Told you I would be back. We had our 20 week scan yesterday and I didn't really get time to sit down and go into detail about the scan, so here I am today. Firstly let me explain the above picture - well really there isn't much to explain, this was my favourite one of all the pictures we got. His teeny tiny feet, there is just something about babies feet isn't there? not so much adult feet, that's when its stops being cute and just turns into a creepy obsession.
So all went great yesterday, all day yesterday I was so excited to go and see him again (and hoping it was a him), anyhow it was good as for the first time I had nothing to worry about really, I hadn't been bleeding, I knew he was alive (he's an active wee bugger), so I was just really looking forward to it.
We got a really lovely sonographer and straight away she asked if we wanted to know the sex. I said 'yes', and we never gave anything away by saying we had been give a fairly strong prediction at the 13 week scan. Anyhow she saw right away that it was indeed a boy! Thank god!!! I have so many boys clothes that I am so in love with and to be honest I just am seeing myself with my little boy, so it was good to hear that news. She did all the measuring and checking of all the parts and organs and got all the information she needed to give him a clear bill of health. He was just perfect. He was measuring normal for 20 weeks, not too big, not too small and the placenta wasn't low lying either so we have no issues at all.
A few cute things to mention was that she said to us "hes so so active", he was barely still the whole time we were there and we were in there for about 30minutes. He stopped briefly once and turned away from us for about 1 - 2 minutes and then he was off again, wriggling around all over the show. No wonder I'm feeling him so much lately. She spotted his penis a few times so she was without a doubt sure he was a boy, and funnily enough she said that he was holding onto it!!! Oh my god son! so while he was fiddling round with his diddle the sonographer kept looking around at everything. Towards the end he took his hand away from down stairs and he put both his hands over his ears, too cute! I said to the sonographer that perhaps he was fed up with hearing us talk about him. But the most amazing thing we saw that blew me and gardener guy away was when he stopped briefly and poked his tongue in and out, it was really clear and you could see his little tongue go in and out of his mouth, he then opened his mouth up wide and took a drink! Even the sonographer was in awe of this and she said how cool it was to see something like this. Very lucky!
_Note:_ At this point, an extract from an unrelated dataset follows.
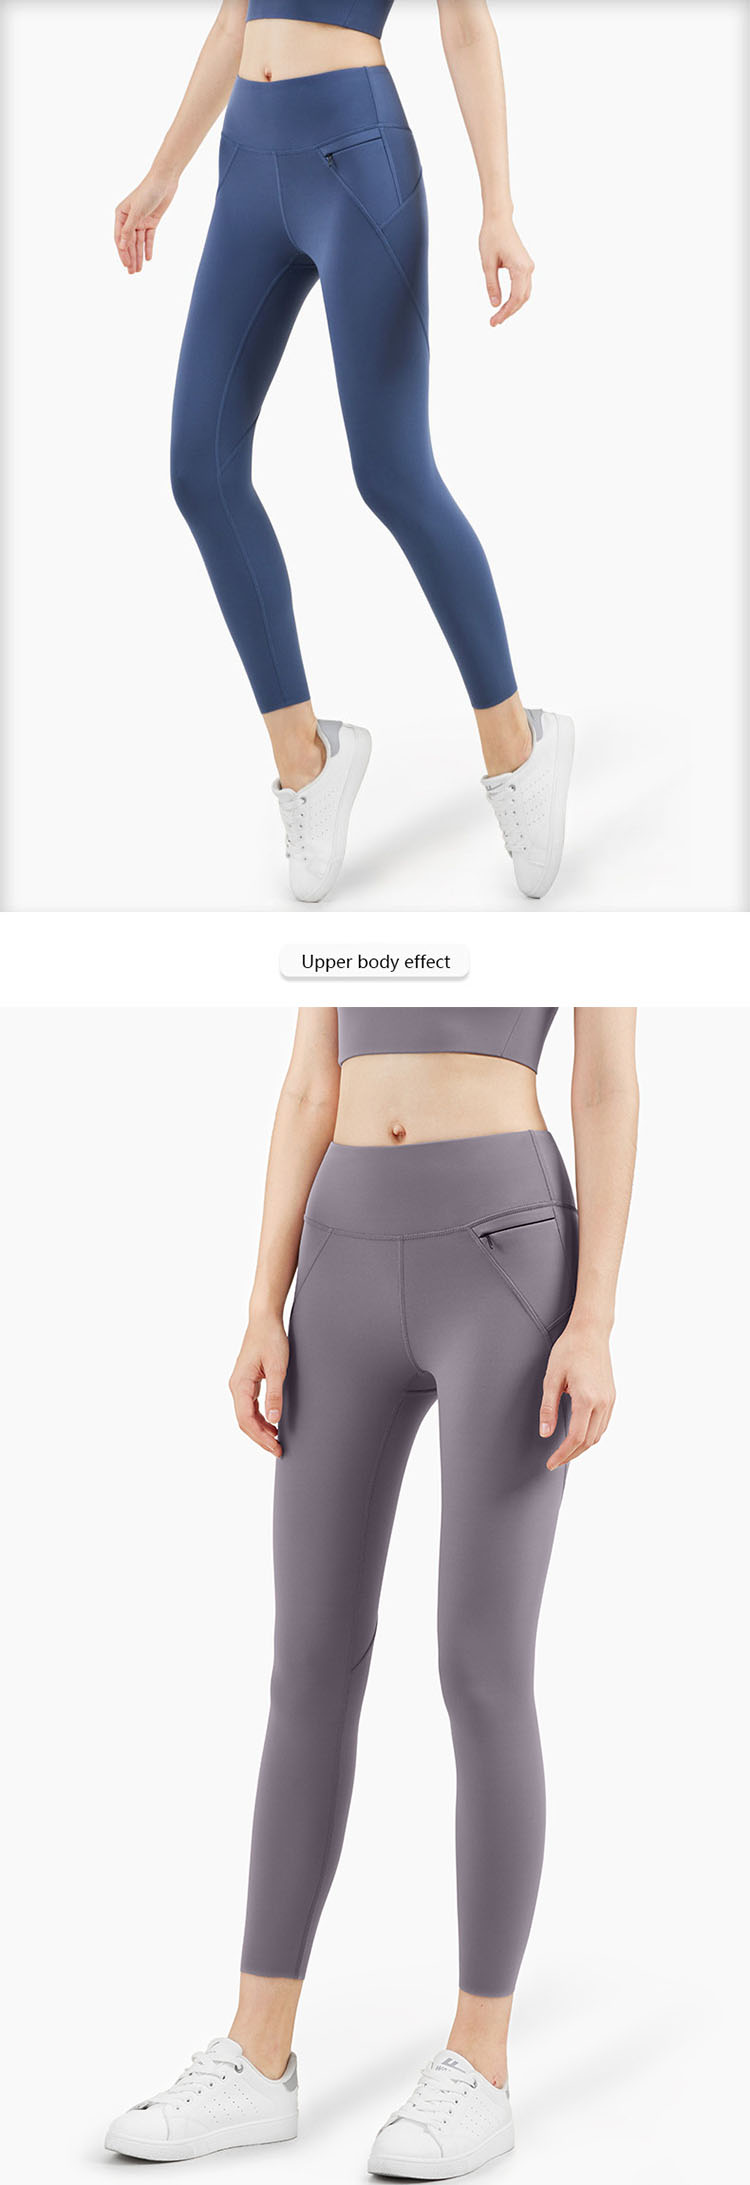 Super tight pants - Activewear manufacturer Sportswear Manufacturer HL

And that was it, It was all over, I could have easily laid there all day watching him, its so amazing and so weird that this little person we are watching on screen is in my belly. But of course we had to leave him alone and give him some privacy to get back to playing with his willy so off we left with our photos and a big smile.
Today as I am not working I just had to go out and get some more clothes, I like to be sorted and make sure he has all he needs, and then any gifts of clothing I get for him will just be a really nice bonus. That way he is well equipped whatever the weather, whatever I feel like dressing him in, he has. We still have 3 expensive items to purchase, his cot bedding, I have picked out a cool set from the Baby Kas range so I will order that in the next few weeks. I need to get a monitor, which I think I want the Angel care one that comes with the sensor pad if the baby stops breathing. And lastly a highchair, I am going to go for the 'little kiwi wooden highchair', I have researched a few different ones and I think this one will suit me the best. I have also picked out some wall art for his room so am all sorted for decorating his room. I so cant wait to decorate his room and put together all his cot etc and put away all his stuff, it will be the funnest day ever!.
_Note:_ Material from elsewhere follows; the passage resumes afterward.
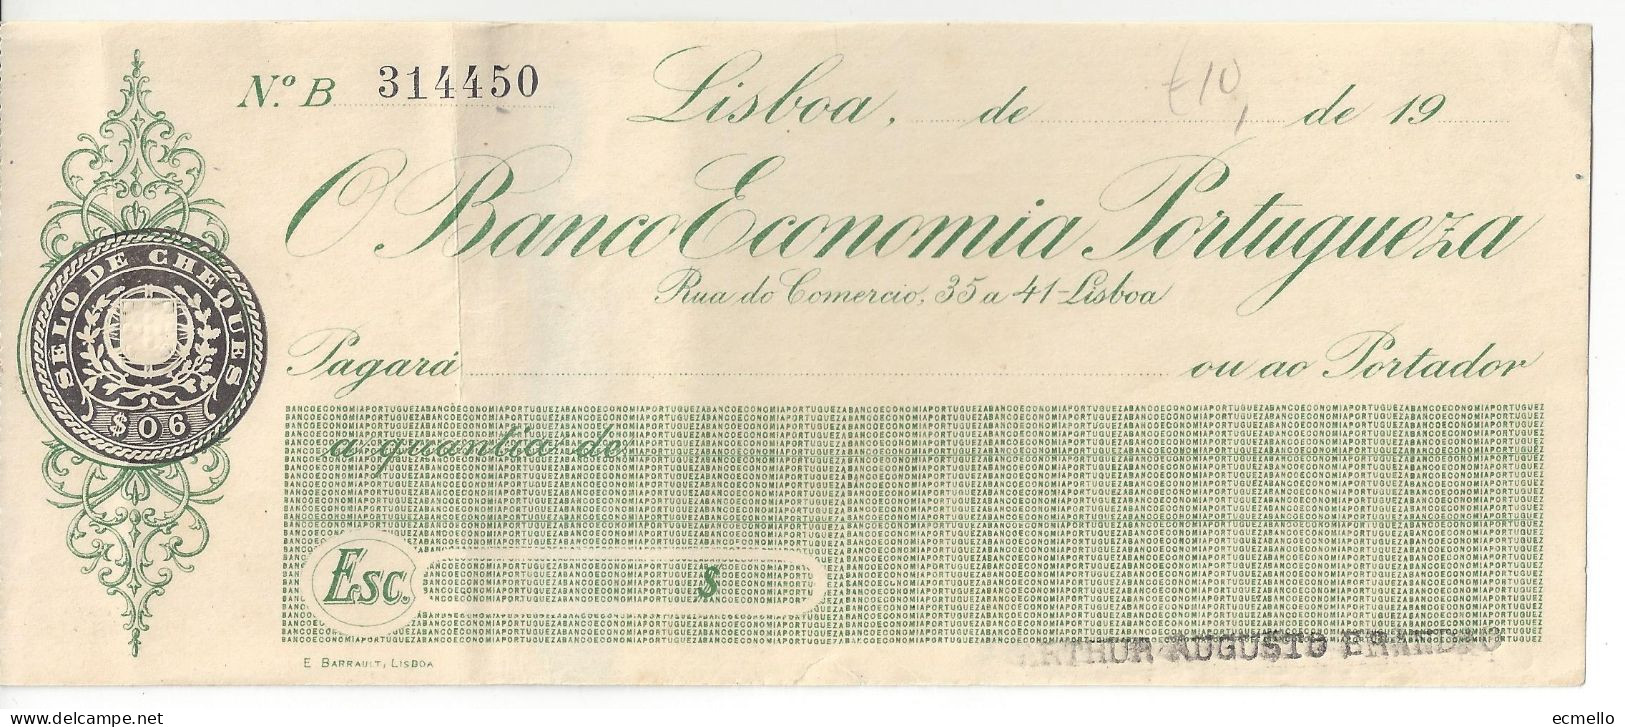 PORTUGAL CHEQUE CHECK BANCO ECONOMIA PORTUGUESA 1930'S SCARCE - Chèques & Chèques De Voyage

I'm not going to moan about any pregnancy nasties in this post, as this is all about our son and how so so so excited we are to get him into this world! I just cannot wait! everytime I think about giving birth or read anything about it, it freaks me out so much, I keep thinking I wont be able to cope, how can I do that? but last night me and gardener guy were chatting about how exciting it actually will be when I go into labour, yes it will be scary and unknown and we wont really know what the heck is happening but it all means he is not very far away, and how exciting is that! That will have to be my mind when I'm freaking out. That he is coming, And that the long wait and the long winding hard road is finally coming to an end.